1. A process for thermal afterburning, comprising forming an exhaust gas stream in the production of acrolein in a gas-phase process, wherein the exhaust gas stream arising in the production of acrolein in a gas-phase process comprises an exhaust gas stream from a process of gas-phase oxidation of propylene to acrolein, forming an exhaust gas stream in the production of prussic acid in a gas-phase process, wherein the exhaust gas stream arising in the production of prussic acid in a gas-phase process comprises an exhaust gas stream from an Andrussow process or from a BMAprussic acid from methane and ammoniaprocess; feeding the exhaust gas stream from the production of acrolein and the exhaust gas stream from the production of prussic acid to a shared thermal afterburning; and burning the exhaust gas stream from the production of acrolein and the exhaust gas stream from the production of prussic acid in the shared thermal afterburning.

2. The process of claim 1, wherein the production of acrolein and the production of prussic acid take place in parallel with respect to time, and the exhaust gas stream from the production of acrolein and the exhaust gas stream from the production of prussic acid arise in parallel with respect to time.

3. The process of claim 1, wherein the production of acrolein and the production of prussic acid take place at one location, and the exhaust gas stream from the production of acrolein and the exhaust gas stream from the production of prussic acid arise at one location.

4. The process of claim 1, wherein the shared thermal afterburning comprises an integrated process for chemical synthesis of methionine or methionine hydroxy analogue (MHA).

Description

BRIEF DESCRIPTION OF THE FIGURES

(1) FIG. 1 illustrates a process for production of acrolein.

(2) FIG. 2 illustrates a process for the production of prussic acid.

(3) FIG. 3 illustrates schematically acrolein and prussic acid production according to the invention.

(4) This object is achieved by a process for the thermal afterburning of the exhaust gas streams that are formed in the production of acrolein in a gas-phase process, and the thermal afterburning of the exhaust gas streams that are formed in the production of prussic acid in a gas-phase process, characterized in that the exhaust gas streams from the production of acrolein and the exhaust gas streams from the production of prussic acid are fed to a shared thermal afterburning.

(5) The exhaust gas streams are therefore not disposed of separately in separate processes, but both exhaust gas streams are treated in a single thermal afterburning.
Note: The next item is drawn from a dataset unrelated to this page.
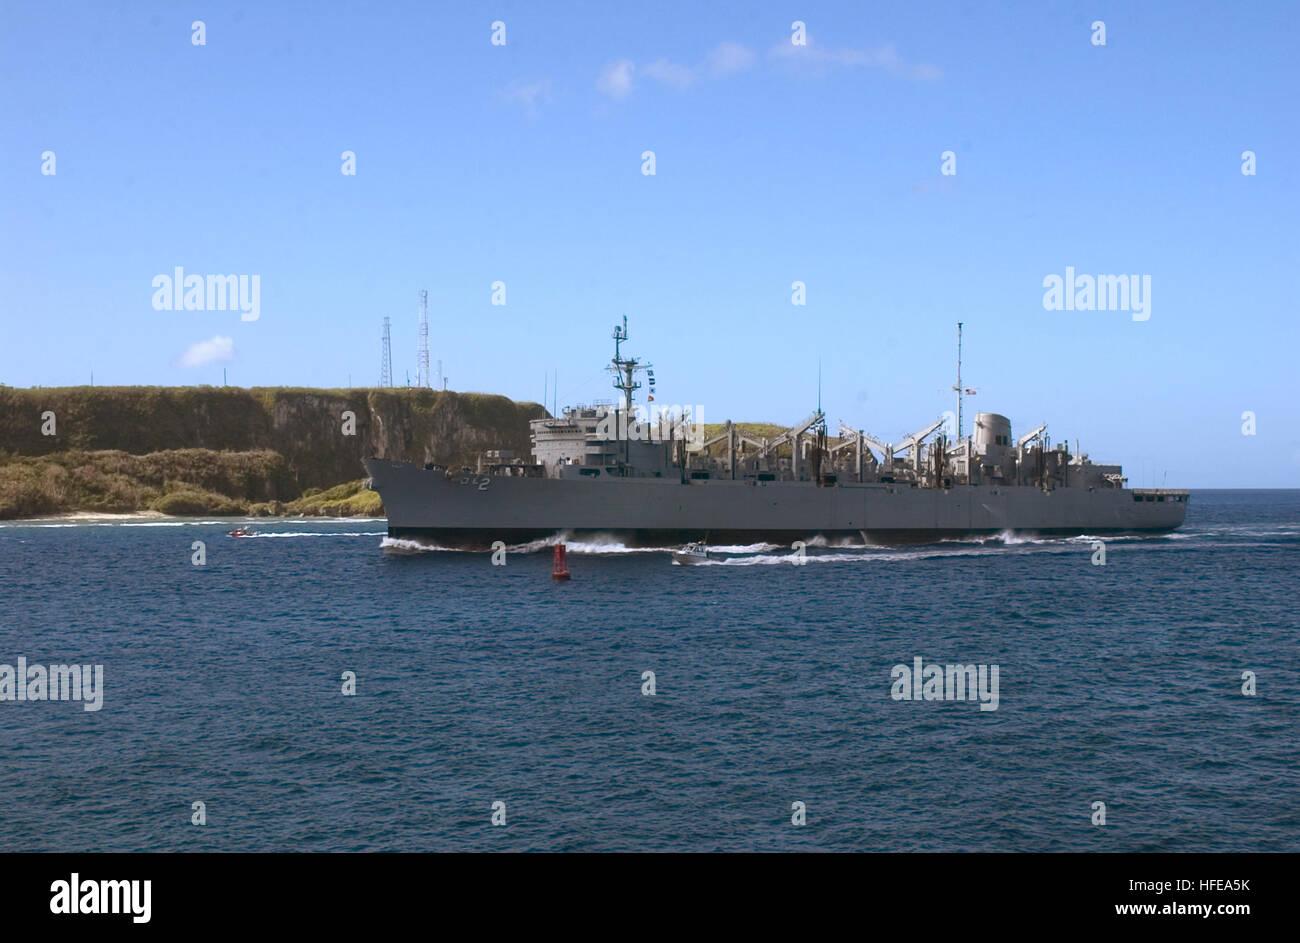 050221-N-4658L-197 Santa Rita, Guam (Feb. 21, 2005) - The fast combat support ship USS Camden (AOE 2) enters Apra - Stock Image

The thermal afterburning of the exhaust gas streams from the production of acrolein and from the production of prussic acid also does not proceed successively with respect to time, but at least partially in parallel with respect to time, i.e. concurrently with respect to time.

(6) Preferably, the exhaust gas streams are fed to the thermal afterburning with the greatest possible overlapping in time. For this purpose, the exhaust gas streams from the production of acrolein and the exhaust gas streams from the production of prussic acid can first be combined and fed together to the thermal afterburning, or each exhaust gas stream can be fed separately in parallel, assuming that this does not proceed sequentially in time, but at least partially parallel in time, i.e. concurrently with respect to time.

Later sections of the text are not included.